Storytelling, Memory, and Nostalgia: The Identities of Iranian Revolutionary Migrants and First-Generation Persian-Americans
Rahimi, Rebecca Tannaz
:
2019-03-27
Abstract
The Iranian Revolution of 1979 prompted a wave of Iranian migrants to leave their homeland and move, largely, to the United States. These exiled individuals were forced to navigate their cultural identities through the gaze of the western “other” and were faced with the task of assimilation and hybridization. Most migrants settled in Los Angeles, California and established newfound home by reinstating a communal collective.
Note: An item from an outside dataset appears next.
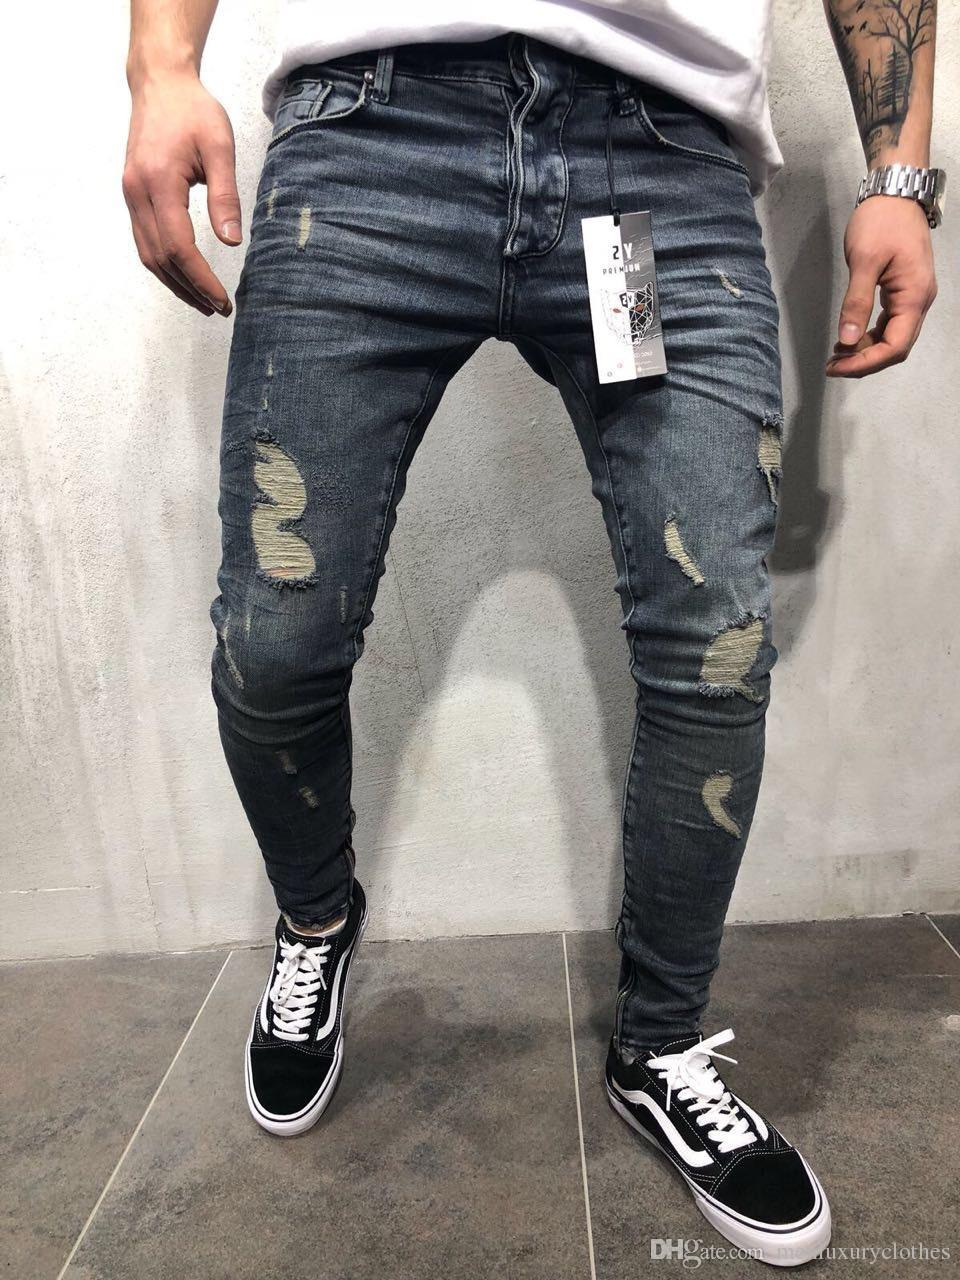 0f79fc5ddfaa High Street Slim Fit zerrissene Jeans für Herren Kleidung Hosen Pencil Jean  Pants Zipper Designer 2018

Simultaneously, individuals were overwhelmed by feelings of nostalgia and loss, only to be eased by processes of gathering, traditional rituals, and kinship. First-generation Persian-Americans experience the loss of having not grown up in Iran like their parents, and therefore overwhelmed by a sense of second-hand nostalgia. This paper looks the ways in which memory, storytelling, and nostalgia are used as frameworks to form the identities of Iranian Revolutionary migrants and first-generation Persian-Americans. This paper weaves together ethnography, memoir, and academic scholarship in order to understand the nuances of culture when constructing hybridized identities. All individuals interviewed viewed the label “Persian” as an identity to reclaim through conscious placemaking.